Open Solicitations —
MYSTIC DEPOT: Vendor-Agnostic AI Evaluation Infrastructure
Responses Due By
2026-03-24 23:59:59 US/Eastern Time
Problem Statement
As artificial intelligence (AI) capabilities evolve at an extraordinary pace, the government requires evaluation infrastructure that can keep pace by continuously assessing new models against mission-specific benchmarks as they are released.
Further, the success of AI systems in national security contexts will depend on human-machine teaming. Evaluation must assess not only whether AI systems can perform tasks in isolation, but whether human-AI teams achieve better mission outcomes than either humans or AI alone.
Evaluation must also keep pace as AI systems evolve from passive models to active agents that use tools, access systems, and execute multi-step tasks. Beyond model outputs, assessment must account for agent behaviors, including whether agents complete complex missions correctly and safely, use tools appropriately, and maintain auditability.
Desired Solution Attributes
The Department of War (DoW), in partnership with the Office of the Director of National Intelligence (ODNI), seeks an evaluation harness and government-specific benchmarks that together enable rigorous, reproducible, vendor-agnostic assessment of any AI system against government-defined criteria. The Government intends to use this harness across multiple programs. Solutions should be designed for broad applicability rather than single-program optimization. This Area of Interest (AOI) comprises two Lines of Effort (LOE); vendors may respond to one or both. Vendors submitting solutions must specify if they are addressing LOE 1, LOE 2, or both on the title slide or title page in their submission.

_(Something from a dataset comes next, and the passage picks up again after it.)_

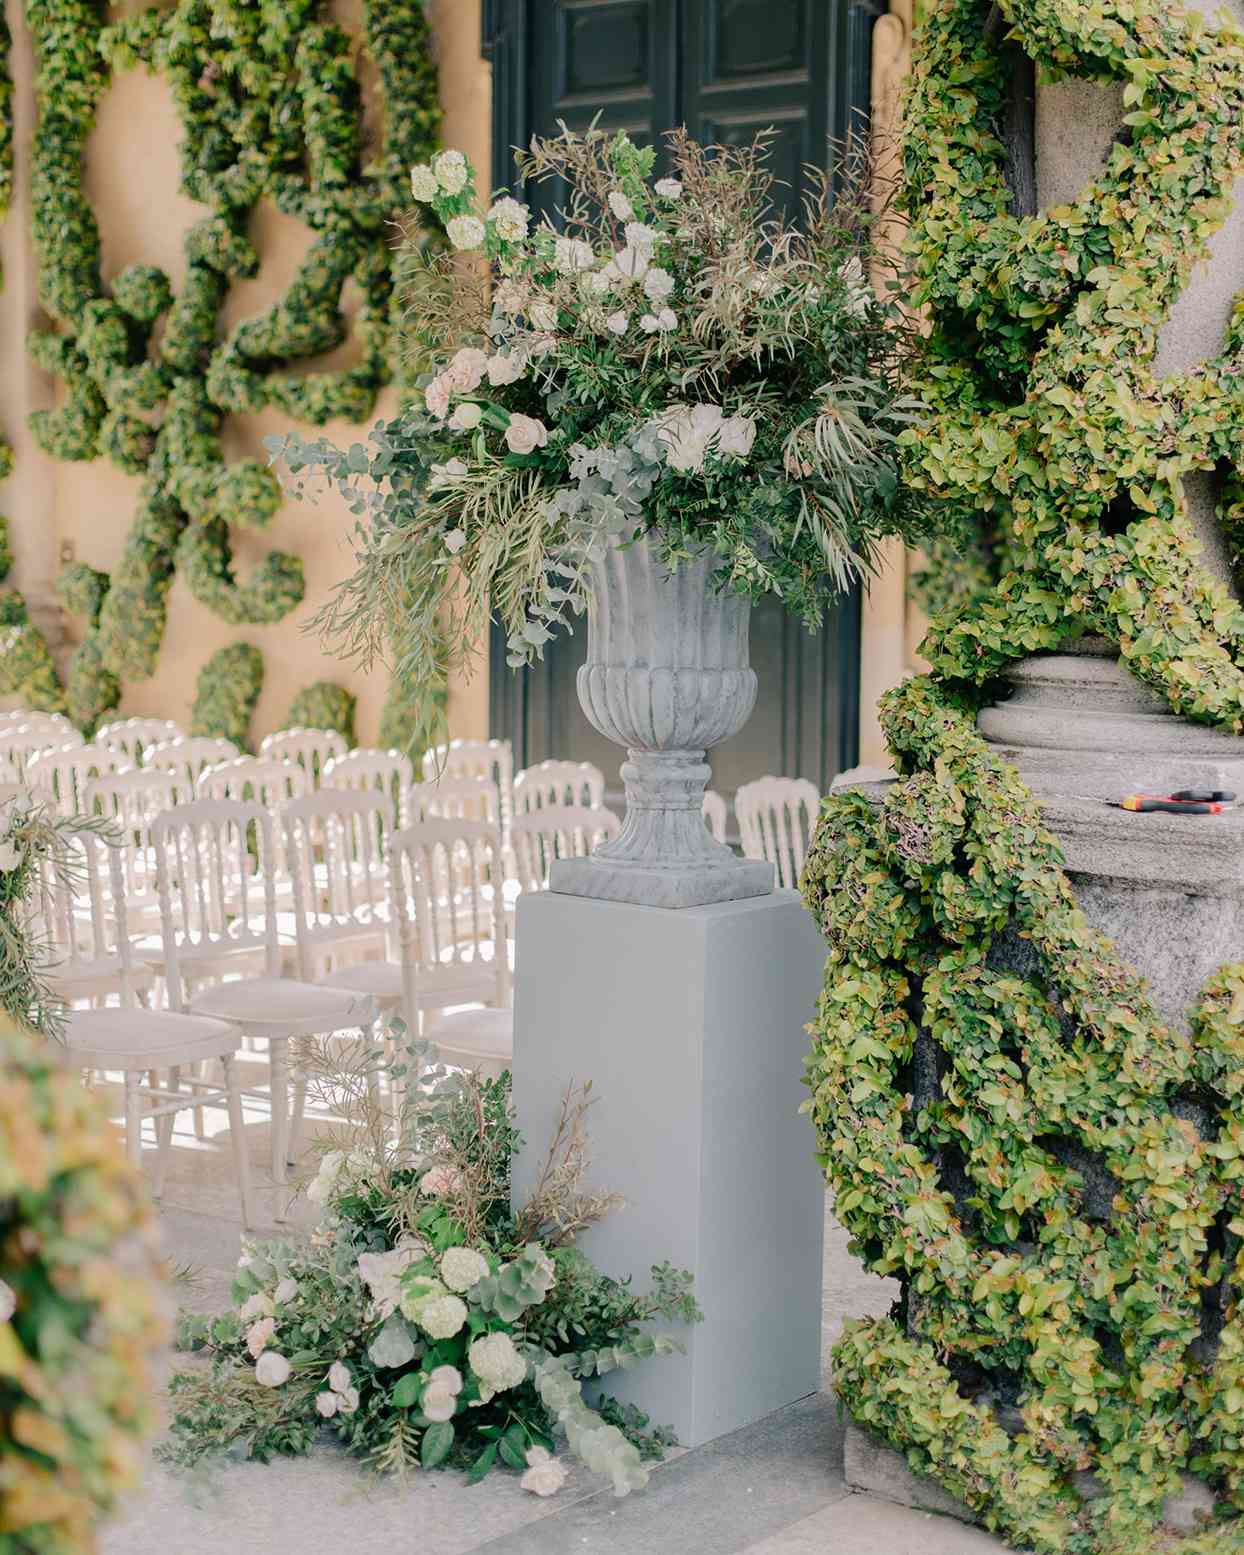 kiira arthur wedding ceremony space with large floral and greenery bouquets
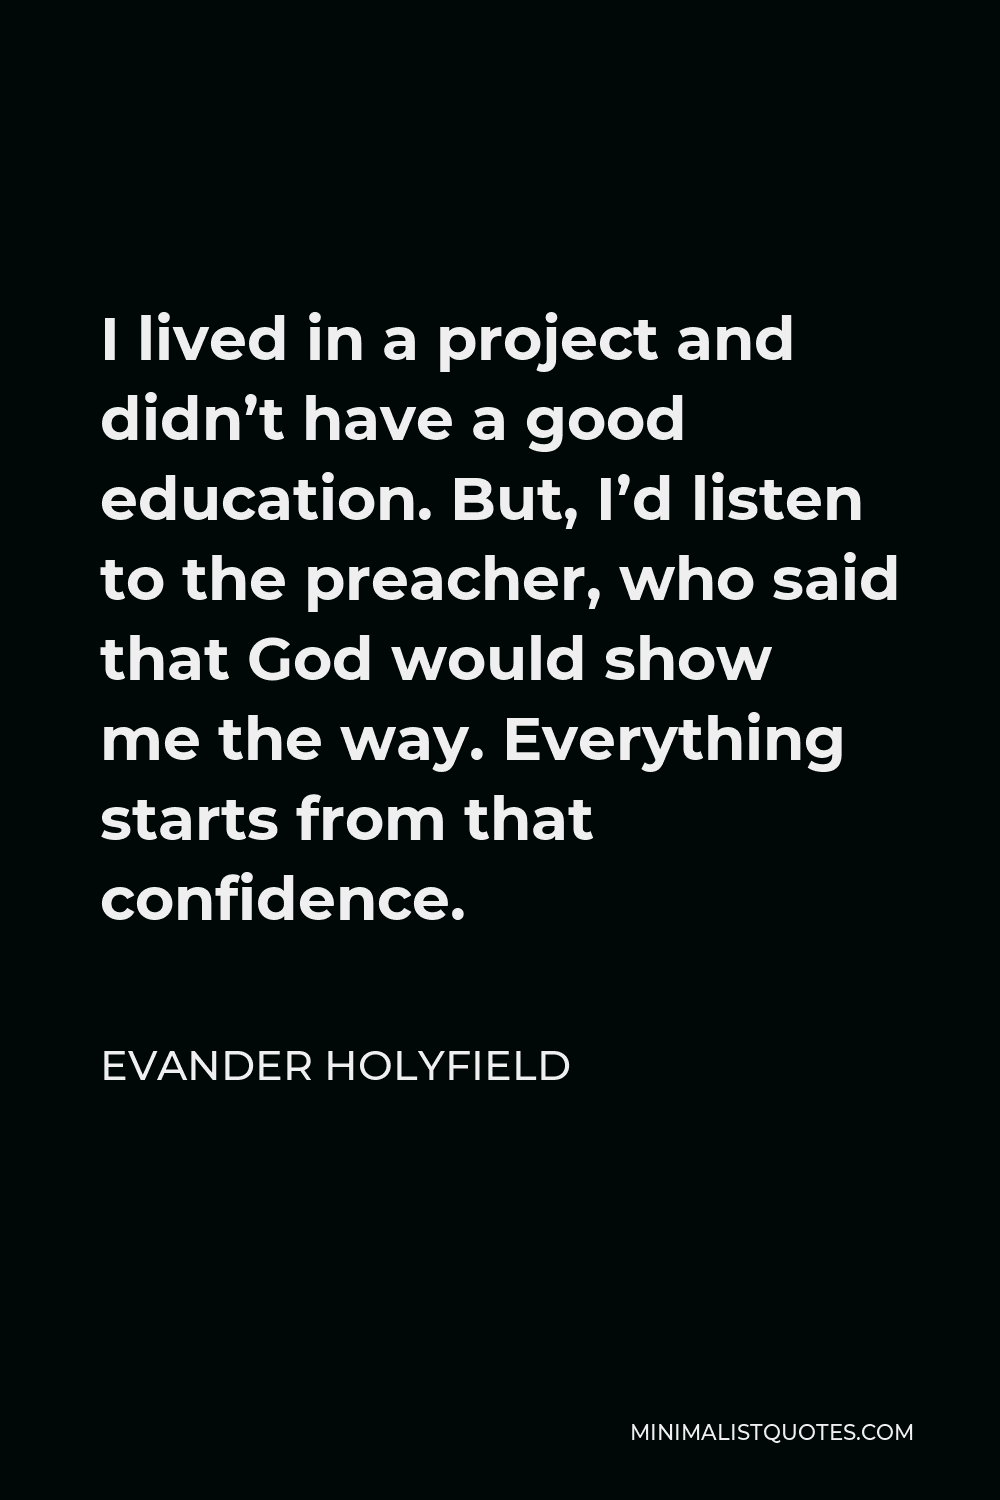 Evander Holyfield Quote - I lived in a project and didn’t have a good education. But, I’d listen to the preacher, who said that God would show me the way. Everything starts from that confidence.

Submission file titles should likewise indicate “LOE1_”, “LOE2_”, or “LOE1&2_” as a prefix.
The Government is interested in considering solutions from a wide selection of vendors. All submissions should clearly explain which of the desired solution attributes they do and do not address, with proven examples of prior deployment, if applicable. The Government will consider partial solutions. Vendors are welcome to apply individually or in partnership. The Government may also request teaming arrangements amongst solution providers. Vendors are expected to demonstrate their solution in an unclassified environment as part of the Commercial Solutions Opening.
LOE 1: Evaluation Harness
This AOI seeks an evaluation harness or harnesses to serve as the integrated infrastructure of an execution environment, tooling, and methodology that connects models to benchmarks and produces structured evaluation data. Harness architecture should enable standardized, reproducible assessment of AI systems against defined criteria by providing the following:
- Model Interface: Connects the harness to AI systems under evaluation. Provides a standardized, pluggable architecture for interfacing with diverse model types.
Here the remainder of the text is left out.